#### Exercise description:
The reply must repeat the listing below exactly and carry none of its pictures.

#### Information provided:
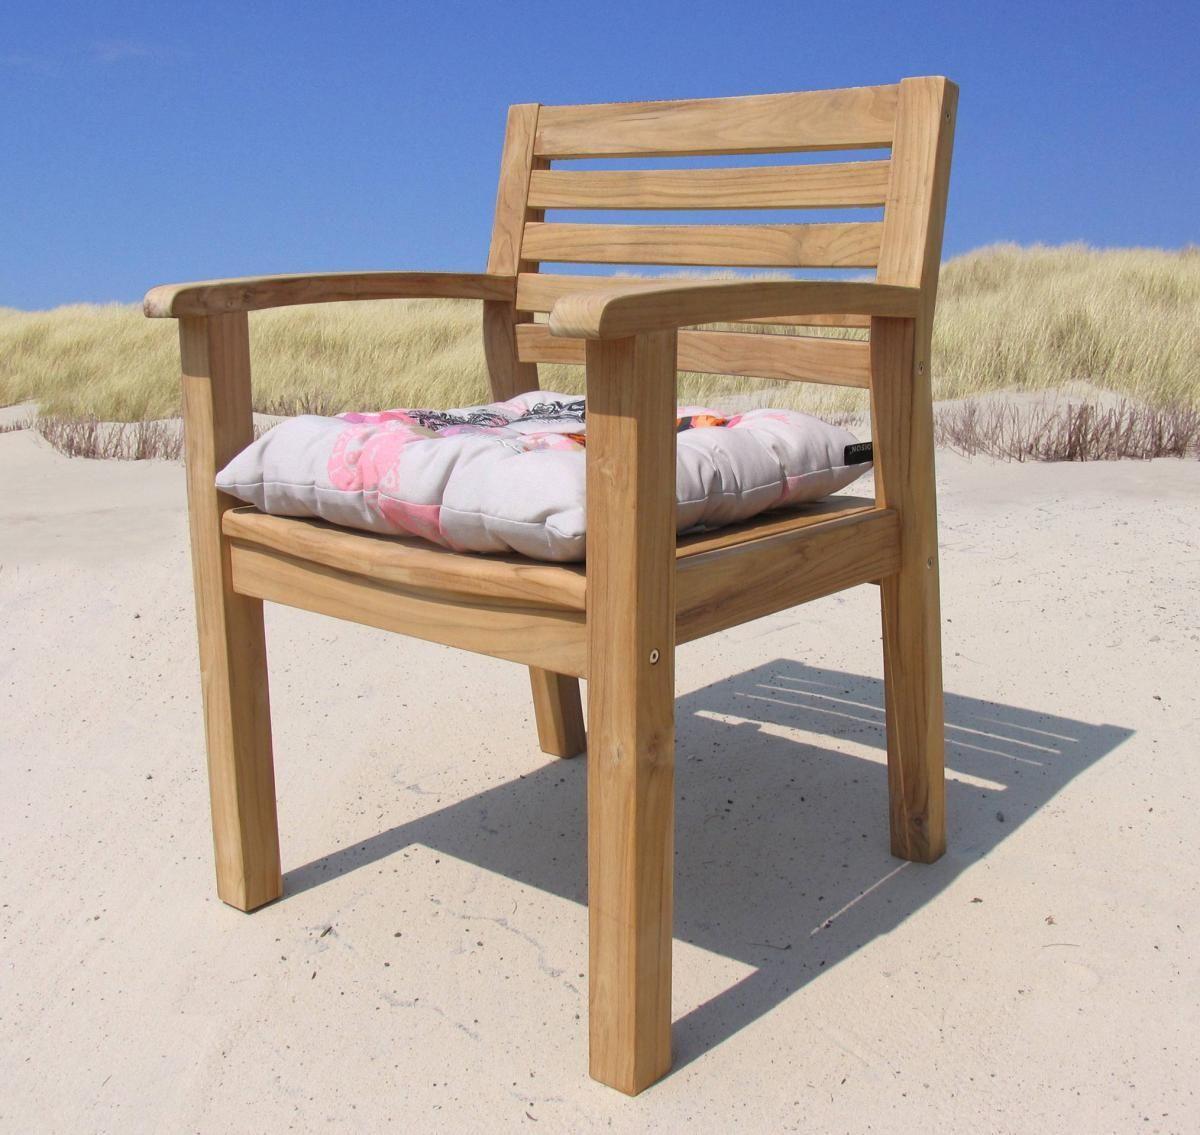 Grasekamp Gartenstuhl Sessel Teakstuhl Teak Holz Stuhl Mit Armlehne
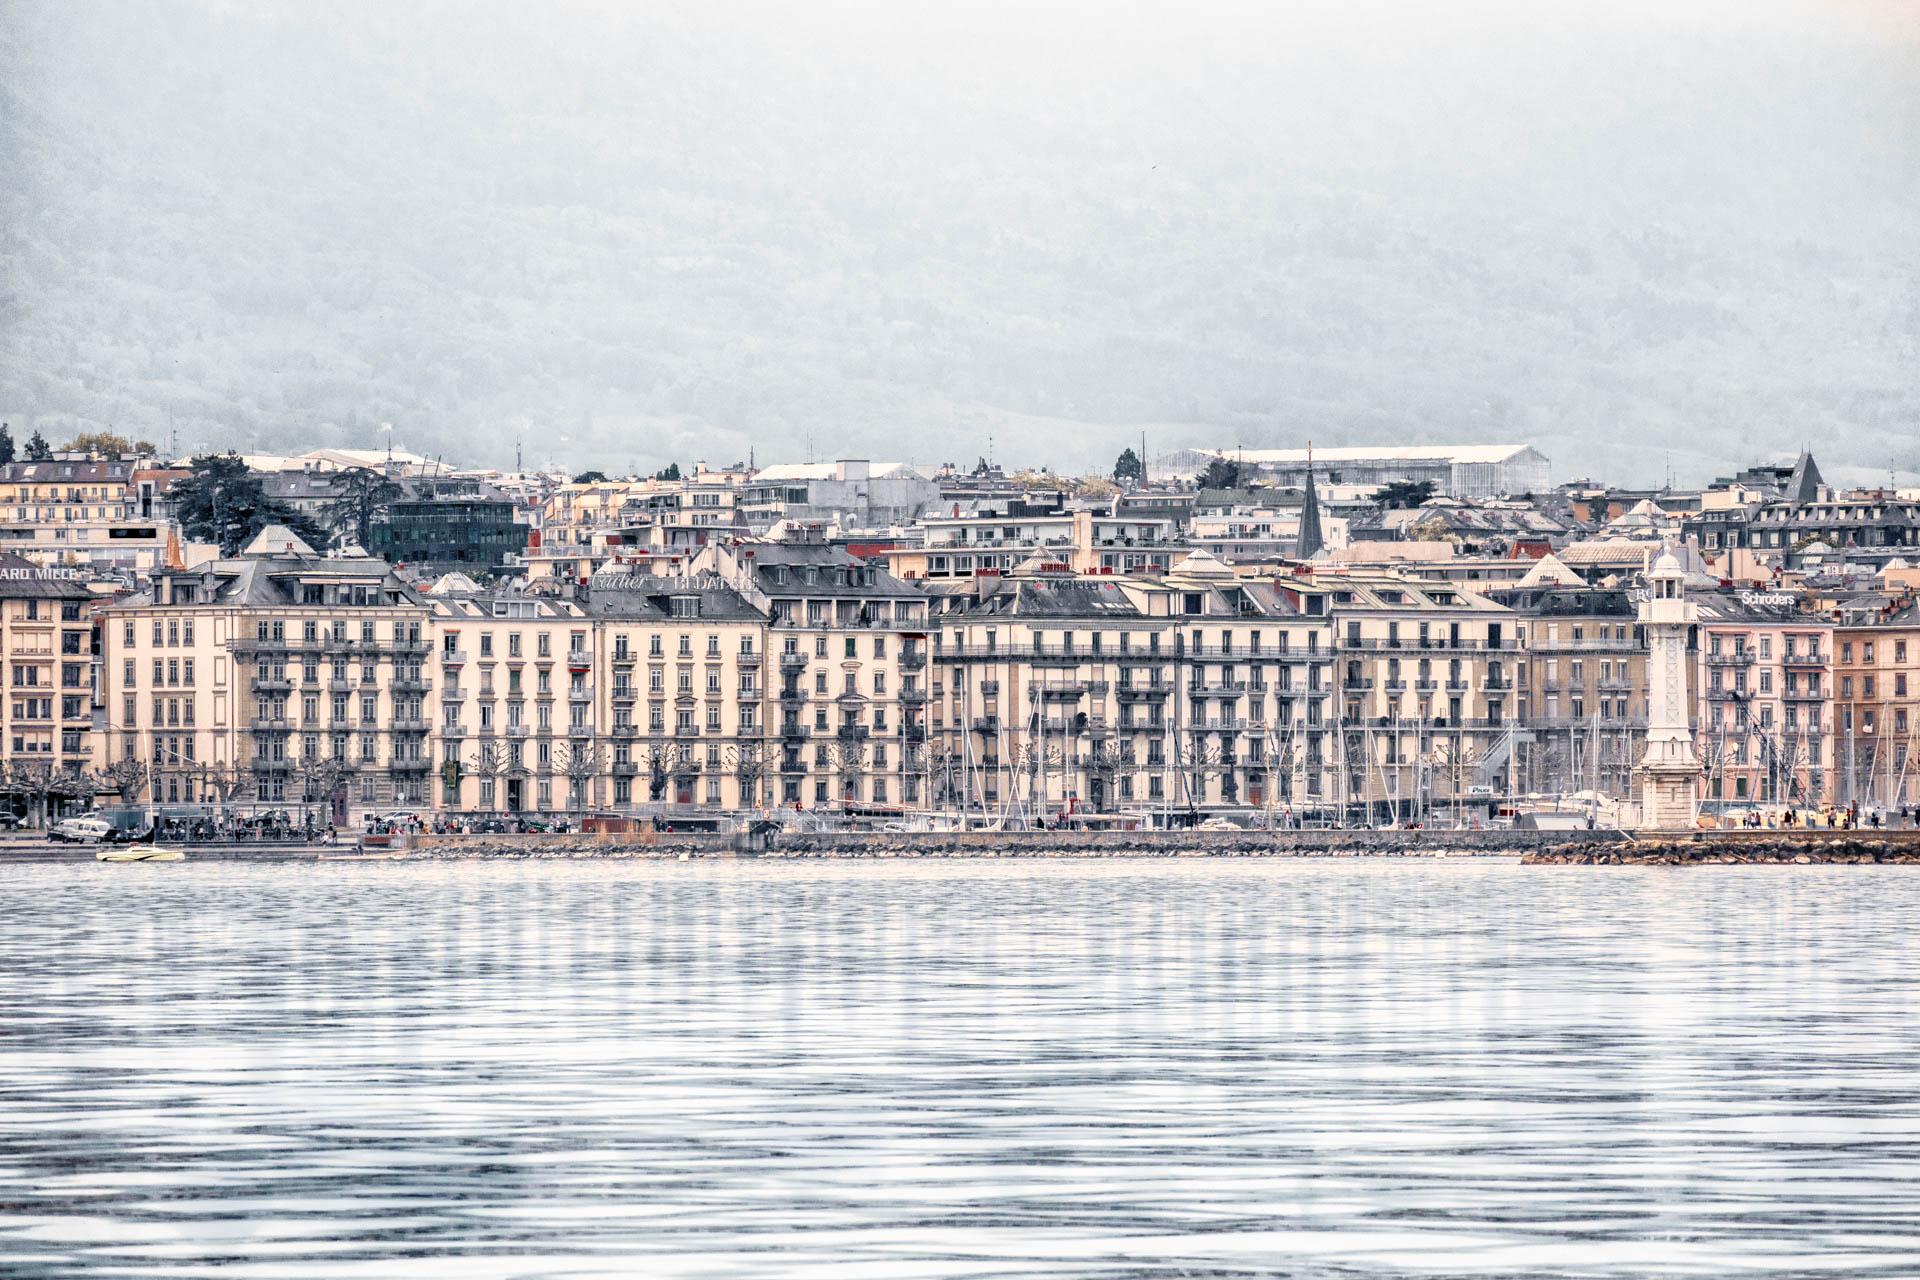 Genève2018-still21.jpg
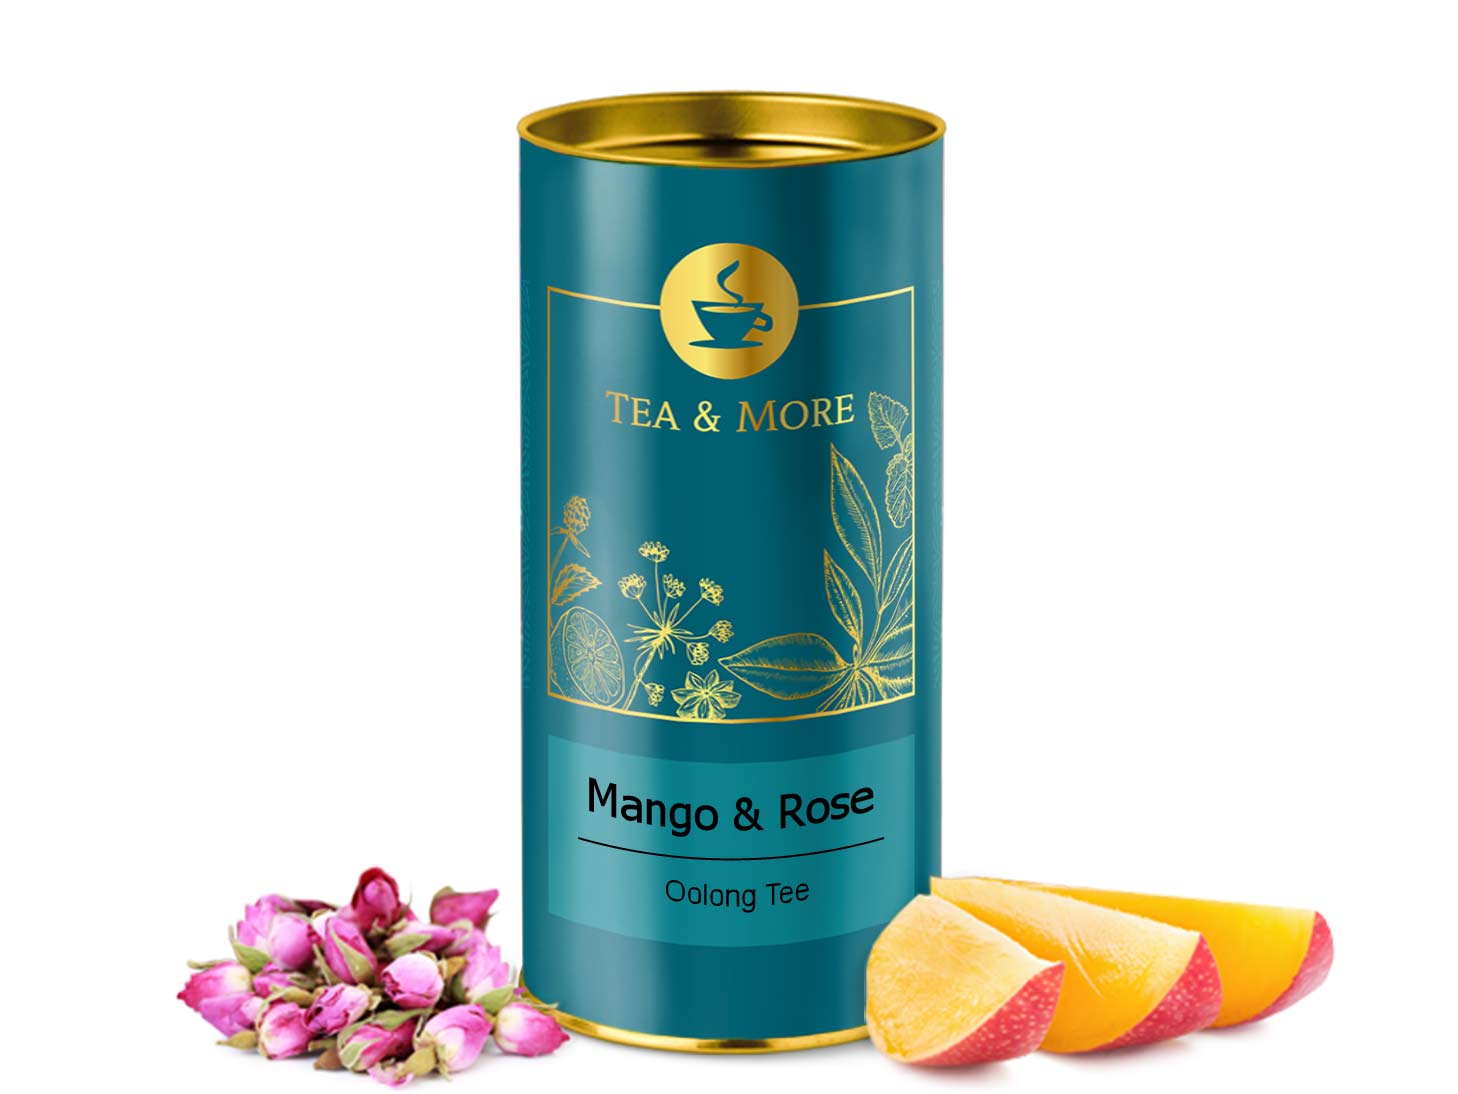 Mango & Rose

#### Expected output:
 Grasekamp Gartenstuhl Sessel Teakstuhl Teak Holz Stuhl Mit Armlehne
 Genève2018-still21.jpg
 Mango & Rose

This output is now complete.